A reader, Stephen Bauer, recently asked me via Twitter (@johnfea1) what readings I assign in my United States history survey course. This course is a staple of my teaching load at Messiah College. I teach it once a year. (In 2016-22017 I will be teaching it in the Spring semester).
Here is what the students read:
Concise edition of James Oakes, et. al, Of the People: A History of the United States, Vol. 1
John Fea, “The Power to Transform: Thinking Historically About the Past,” unpublished essay, much of which made its way in my Why Study History?: Reflecting on the Importance of the Past
James Merrell, “The Indians’ New World: The Catawba Experience,” William & Mary Quarterly 41 (October 1984), 538-565.
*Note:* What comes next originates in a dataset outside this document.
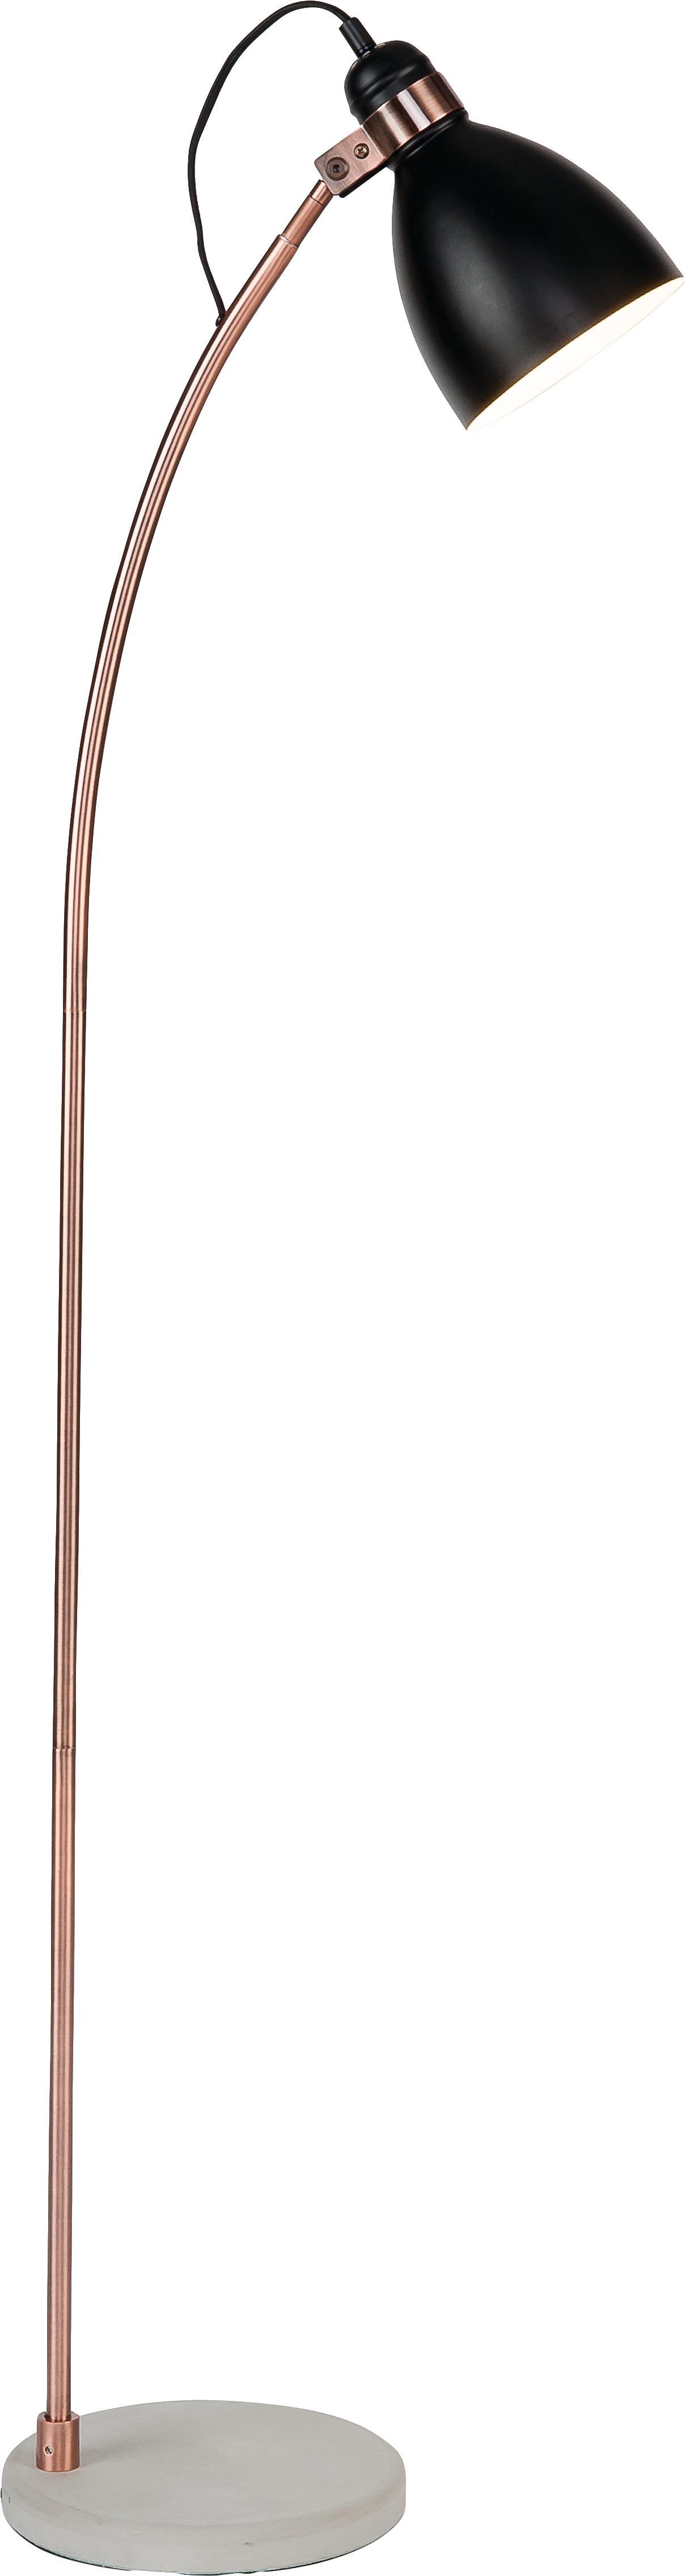 Leselampe Denver mit Zementfuß, Lampenschirm: Eisen, beschichtet, Stange: Eisen, verkupfert, Lampenfuß: Zement, Lampenschirm: SchwarzStange: KupferLampenfuß: Zement, 37 x 145 cm

Trial Transcript of Anne Hutchinson, 1637
Benjamin Franklin, Autobiography, 1791
Thomas Paine, Common Sense, 1776
Declaration of Independence, 1776
United States Constitution, 1787
Laurel Thatcher Ulrich, A Midwife’s Tale (Documentary video)
William Lloyd Garrison, The Liberator, 1830s (excerpts)
Thomas Dew, The Pro-Slavery Argument, 1852 (excerpts)
George Fitzhugh, Cannibals All! Or Slaves Without Masters, 1857 (excerpts)
Frederick Douglass, Narrative, 1845
Abraham Lincoln, Second Inaugural Address, 1865
Of course these readings are supplemented with my lectures (twice a week) and discussion sections (one a week) with me and the excellent adjunct instructors who work with me in the class. (Shout out to Cathay Snyder!).